IDans les camps de réfugiés de Colombie, les enfants jouent des histoires tirées de leurs expériences réelles. Ce sont des jeux de poursuite et de mort subite.

"La mort est en liberté, et si elle demande à l'un de vous où je suis, dites-lui : 'Je ne le connais pas'", déclare Yorman Antonio Camacho, 13 ans, jouant le rôle du héros d'une pièce de théâtre. Panquemao", qui se traduit par "pain brûlé".
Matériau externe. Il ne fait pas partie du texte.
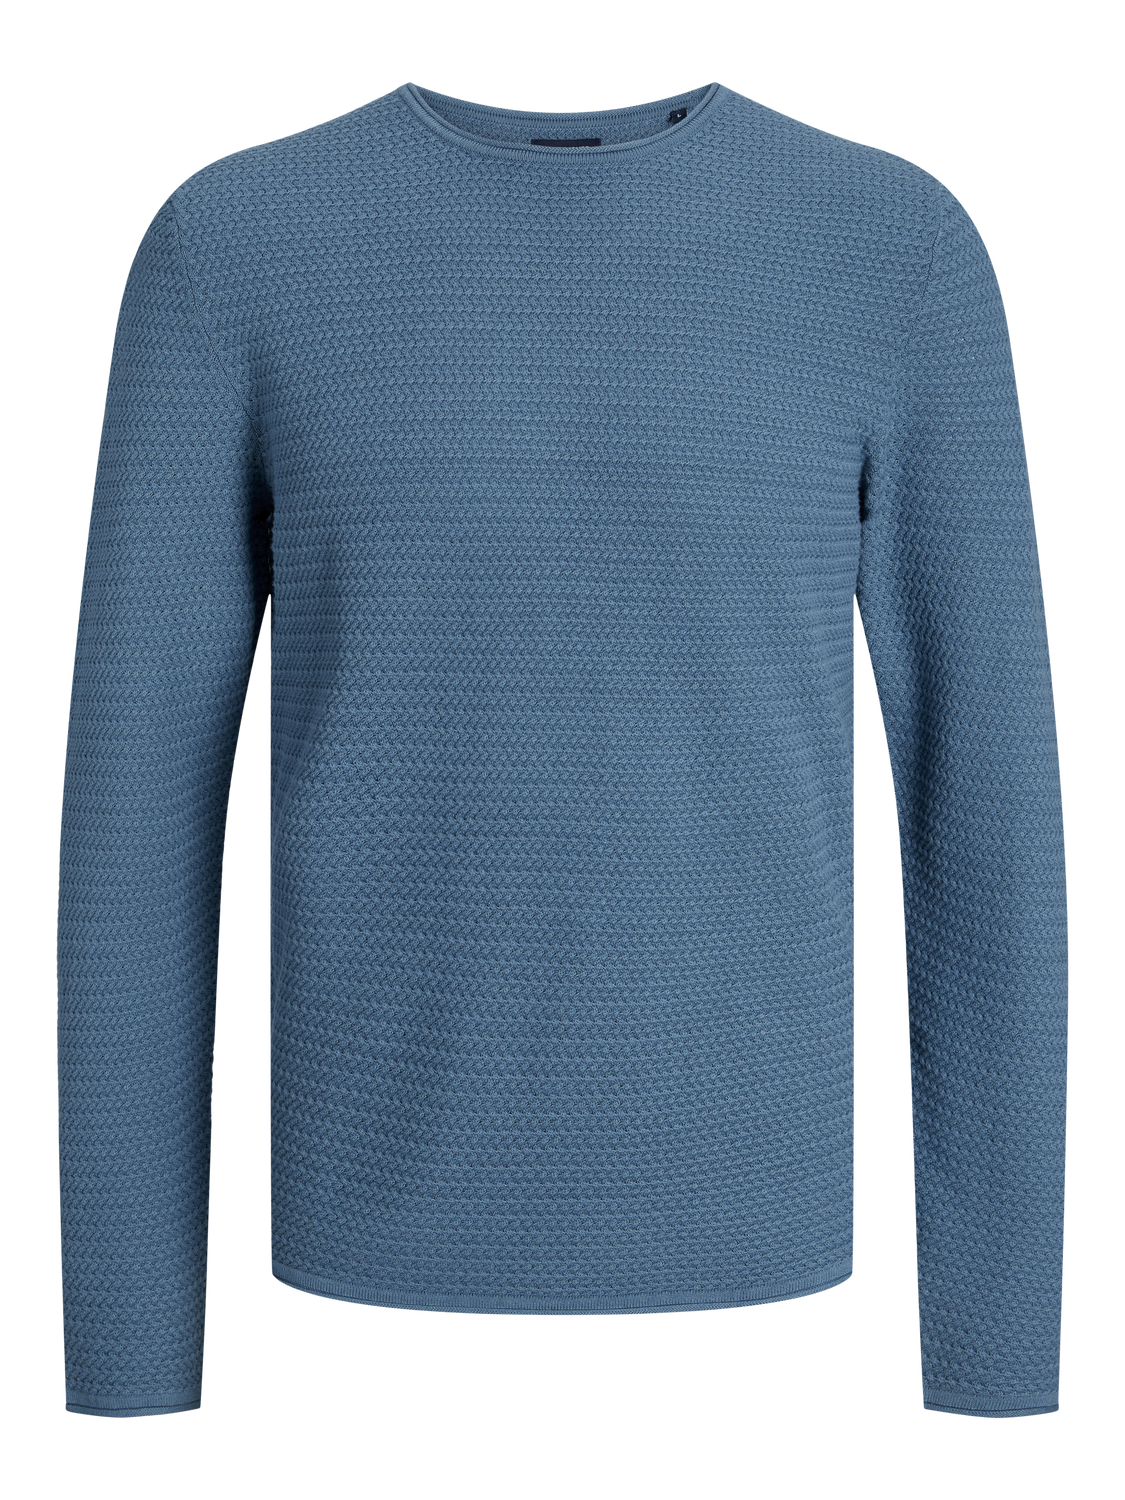 Jersey básico de punto azul - JPRBLUMIGUEL

Dans cette pièce, "Panquemao" est tué trois fois, mais récupère sa vie en retournant intelligemment les cartes magiques. Sa première mort survient lorsqu'il parle à tort et à travers et est tué par des paramilitaires. "Panquemao" sort une carte porte-bonheur et la Mort – vêtue d'un treillis militaire et d'un masque blanc – cède et le laisse vivre.

Une deuxième fois, « l'armée tueuse » revient et menace de tuer tout le monde, y compris la femme enceinte de Panquemao, à moins qu'ils ne quittent leurs terres. Lorsqu'ils refusent, les hommes armés couvrent le visage des habitants avec des foulards. Panquemao sort une autre carte qui force la Mort avec colère à épargner le peuple.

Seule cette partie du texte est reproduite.